Exercise aim:
Emit the data below verbatim, stripping out any pictures.

[[ Data shown open ]]

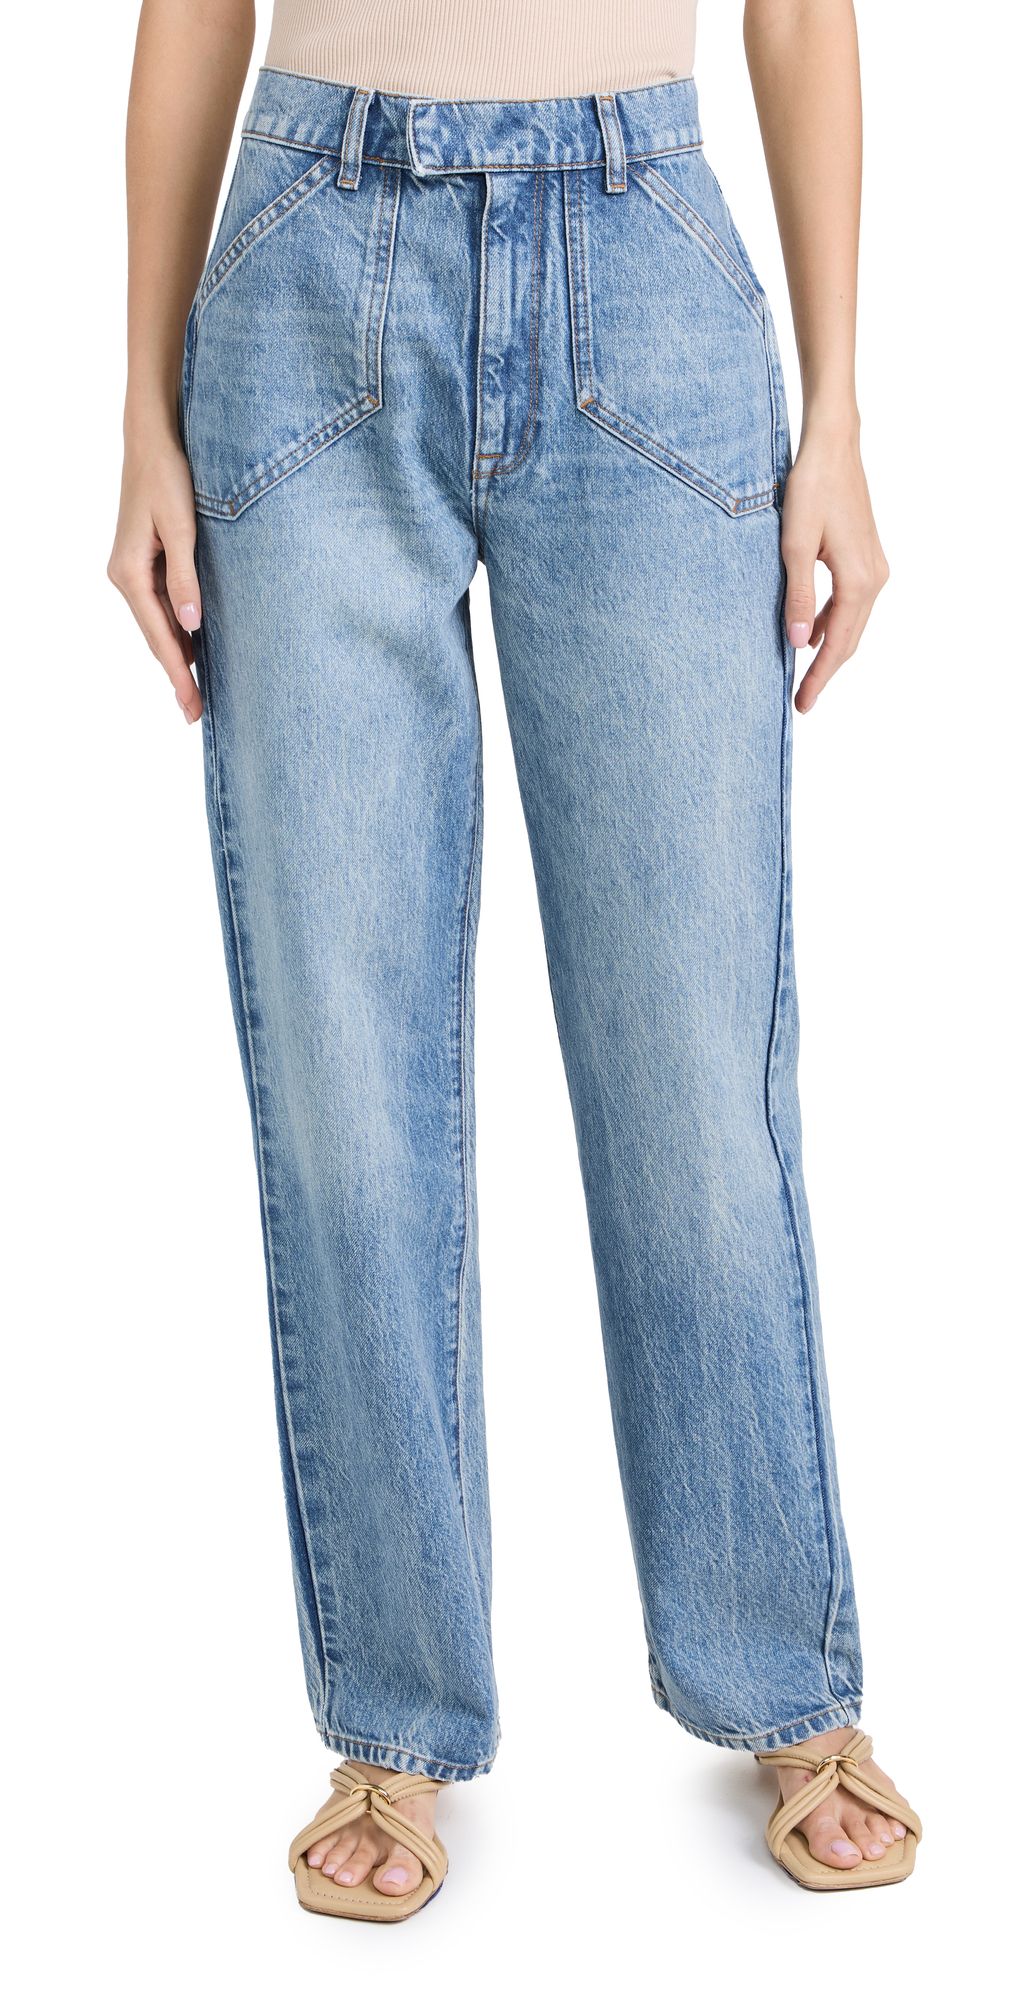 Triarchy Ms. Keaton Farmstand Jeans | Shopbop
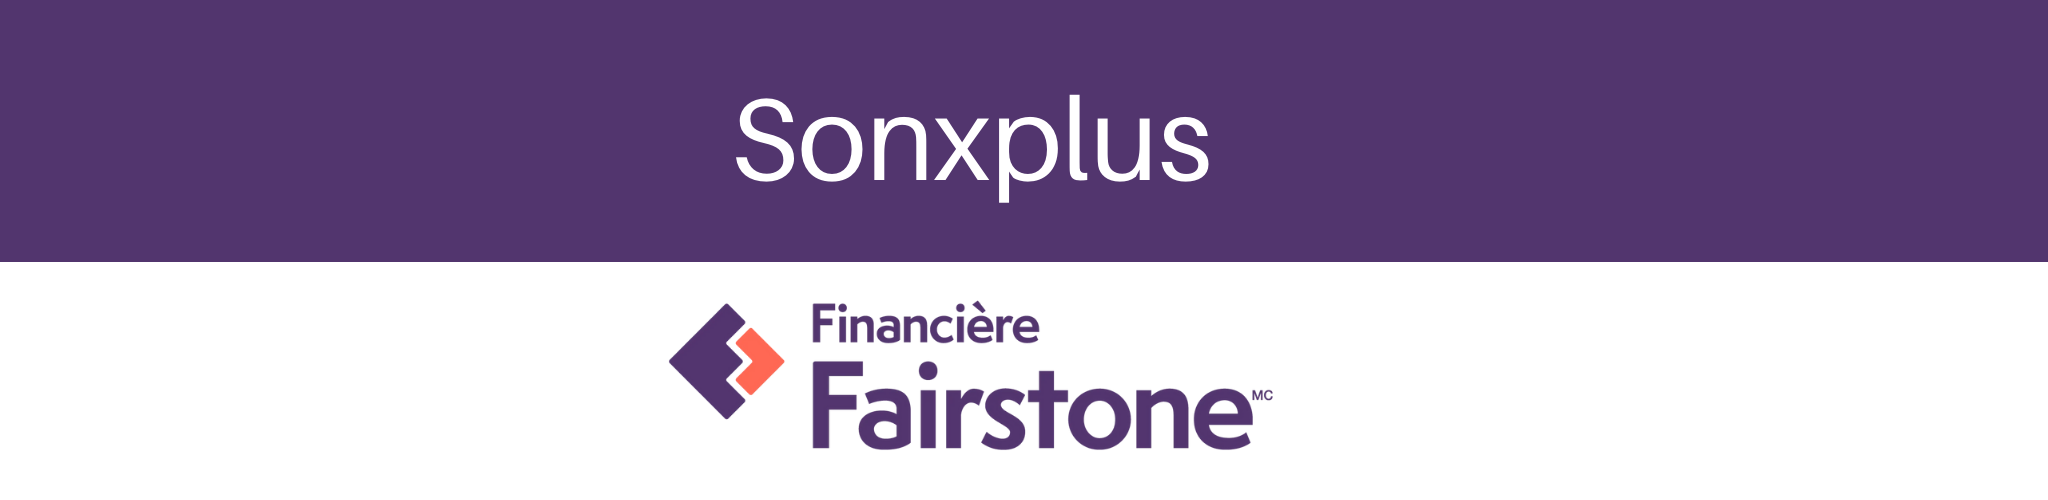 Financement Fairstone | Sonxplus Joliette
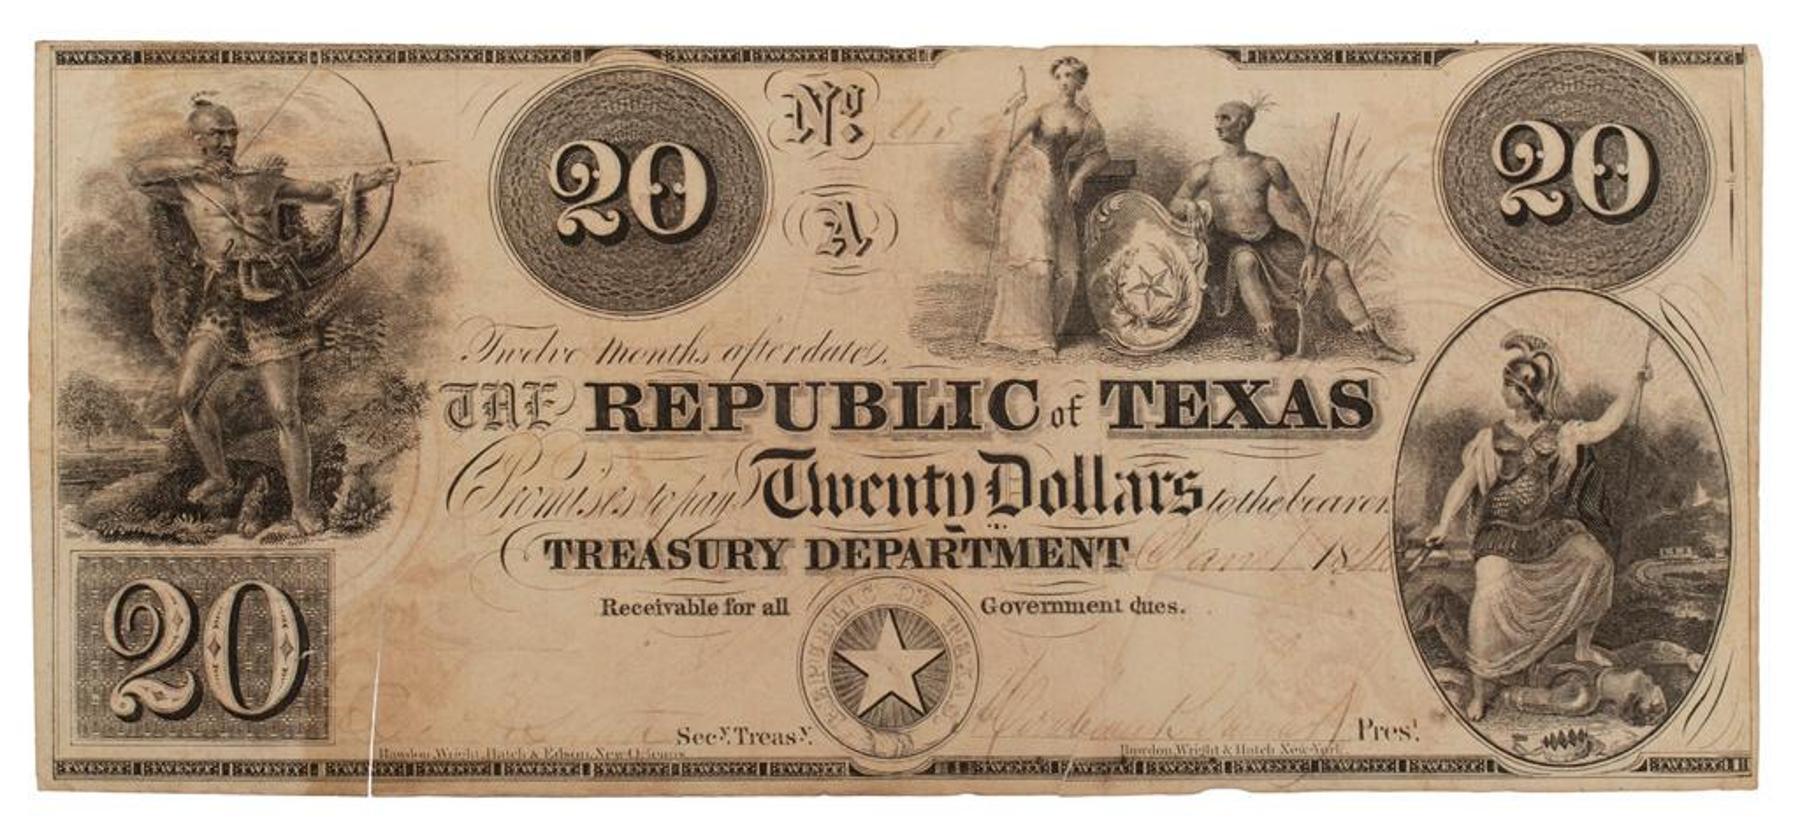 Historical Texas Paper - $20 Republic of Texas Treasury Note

[[ Data shown closed ]]

Task solution:
 Triarchy Ms. Keaton Farmstand Jeans | Shopbop
 Financement Fairstone | Sonxplus Joliette
 Historical Texas Paper - $20 Republic of Texas Treasury Note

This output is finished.